Vietnam ve Filistin

İsrail’in Filistinli çocukları ve ailelerini katletmesine, evlerini, tarlalarını ve geçim kaynaklarını yok etmesine karşı çıkmak hem makul hem de insani bir tutumdur. Ancak aynı zamanda, Filistinlilerin, büyük ölçüde Amerika Birleşik Devletleri'nin sağladığı Batı silahlarıyla desteklenen İsrail ordusu tarafından yürütülen bu acımasız ve yasa dışı işgale karşı verdikleri mücadeleyi desteklemek de önemlidir. Bu, başlangıcından beri direnişle karşılanan bir işgaldir. Dahası, bölgeye yıkımı getiren şey işgalin kendisidir, bu işgale karşı direniş değil. Tıpkı Vietnam ve Cezayir'deki direnişler gibi.
Temmuz 19, 2025
image_print

Son elli yıl içinde, Filistinlilerin İsrail işgaline karşı yürüttüğü mücadele hem dost hem de düşman tarafından çeşitli şekillerde tanımlanmıştır. Düşmanlardan gelen tanımlar, genellikle İsrail’in duruma dair algısının yankılarıdır. Başka bir deyişle, İsrail’in var olma hakkı olduğu ve Filistinlilerin bu işgali reddetmesinin, bir bakıma, Yahudi halkına karşı yüzyıllardır süren zulmün bir uzantısı olduğu söylenir.
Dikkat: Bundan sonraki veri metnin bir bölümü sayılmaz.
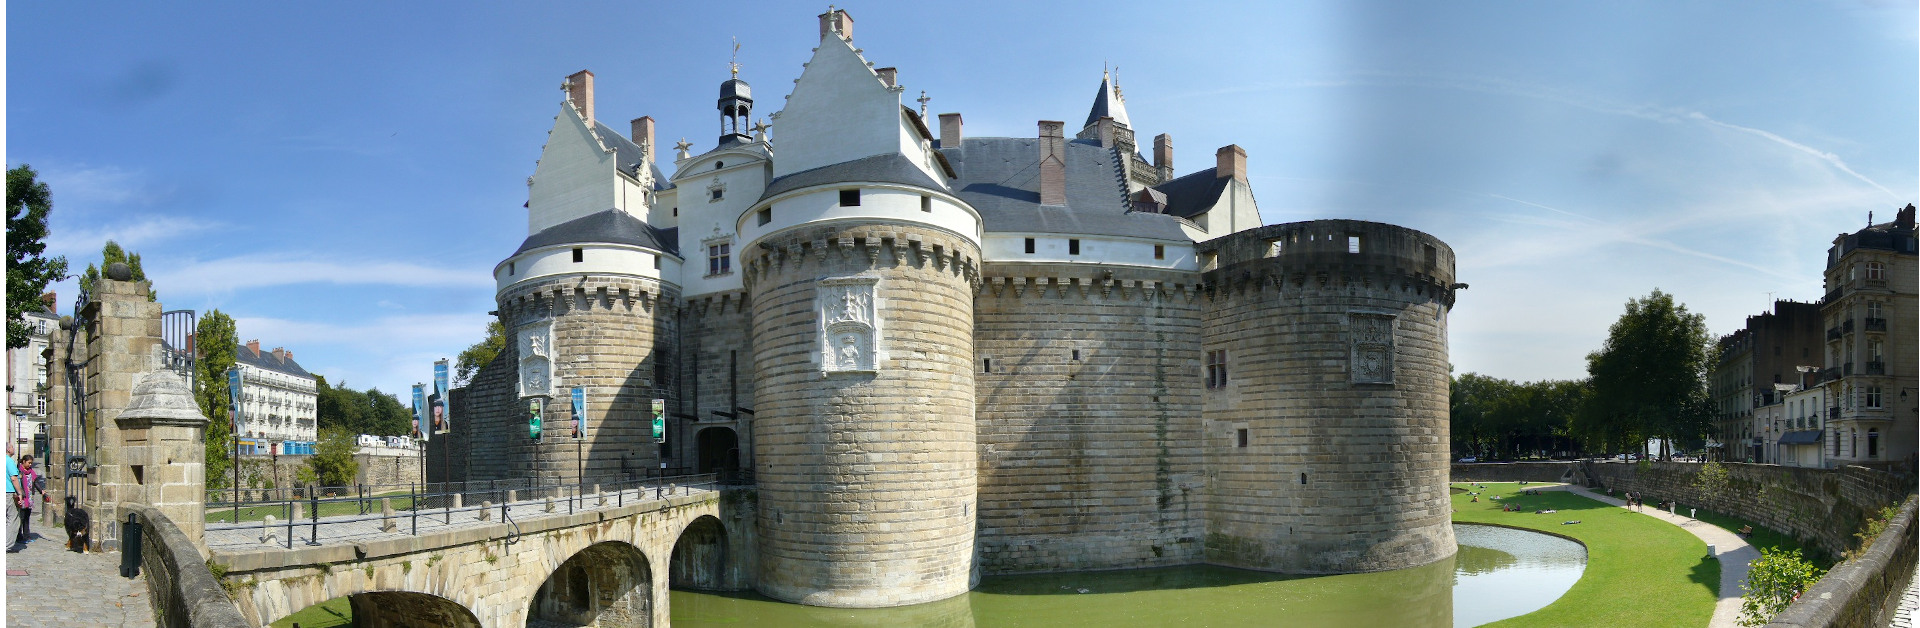 Nantes, le Chateau des Ducs de Bretagne

Bu yorum, Siyonistler tarafından hâlâ yerinden edilmeye devam eden Filistin halkının, söz konusu topraklarda binlerce yıldır yaşadığı gerçeğini kasıtlı olarak görmezden gelir ya da tamamen reddeder. Ayrıca, dünyanın geri kalanının, bazı İsrailliler tarafından yayılan ve tanrılarının bu toprakları onlara yüzyıllar önce verdiğine dair dini mite inanmasını talep eder. Bu sözde vaadin çeşitli yorumlarına girmeden, İsrail hükümeti ile onun propagandacılarının bu efsaneyi kullanmasının, inancı ne olursa olsun, makul insanlar tarafından reddedilmesi gerektiğini söylemek yerinde olacaktır. Ancak bunun yerine, bu masalsı gerekçeyi reddeden herkes anında anti-Semitik olmakla suçlanmaktadır. Bir zamanlar bu, Yahudilerden yalnızca Yahudi oldukları için nefret etmek anlamına geliyordu, ama şimdi İsrail’in işgaline ve ordusunun gerçekleştirdiği katliamlara karşı çıkan herkes için kullanılmakta. Elbette, bu ikinci tanımın çıkarcı olduğu ve birçok nedenle reddedilmesi gerektiği açıktır.

İşgale karşı çıkanlara gelince, onların karşı çıkış biçimleri genellikle farklı vurgular taşır. Küresel kuzeydeki pek çok kişi, Filistinlilerin İsrail ordusu ve onu destekleyen Batı savaş makinesi tarafından mağdur edilmesine odaklanırken, direnişin silahlı niteliğini arka plana atma eğilimindedir. Bu yaklaşımın doğası gereği insani bir temele dayandığını göz önünde bulundurarak, onu eleştirme niyetinde değilim; masum insanların katledilmesine tanıklık ettiklerinde, insanlar üzülür, sarsılır ve öfkelenir. Bu tanıklık bir tepki gerektirir ve Filistin örneğinde, büyük ihtimalle Filistin halkının İsrail tarafından tamamen yok edilmesini engelleyen şey bu tepkidir. Ne yazık ki, böyle duygularla şekillenen tepkiler genellikle yalnızca mağduriyete odaklanır, direnişin rolünü ise reddetme ya da görmezden gelme eğilimi gösterir. Bazıları, mevcut hâliyle direnişi dini nedenlerle desteklerken, onu anti-sömürgeci ve anti-emperyalist niteliği nedeniyle destekleyen seküler kişiler de vardır. Ve – bu mutlaka kabul edilmelidir – direnişi Yahudileri öldürmek istediği için destekleyen gerçek anti-Semitler de mevcuttur. Nazi rejiminin yenilgisinin ve Nazilerin Yahudileri, Romanları ve binlerce başka insanı yok etme girişimlerinin dünyaca keşfedilmesinin üzerinden seksen yıl geçmişken, bu son grubun kesin biçimde reddedilmesi gerektiği açıktır.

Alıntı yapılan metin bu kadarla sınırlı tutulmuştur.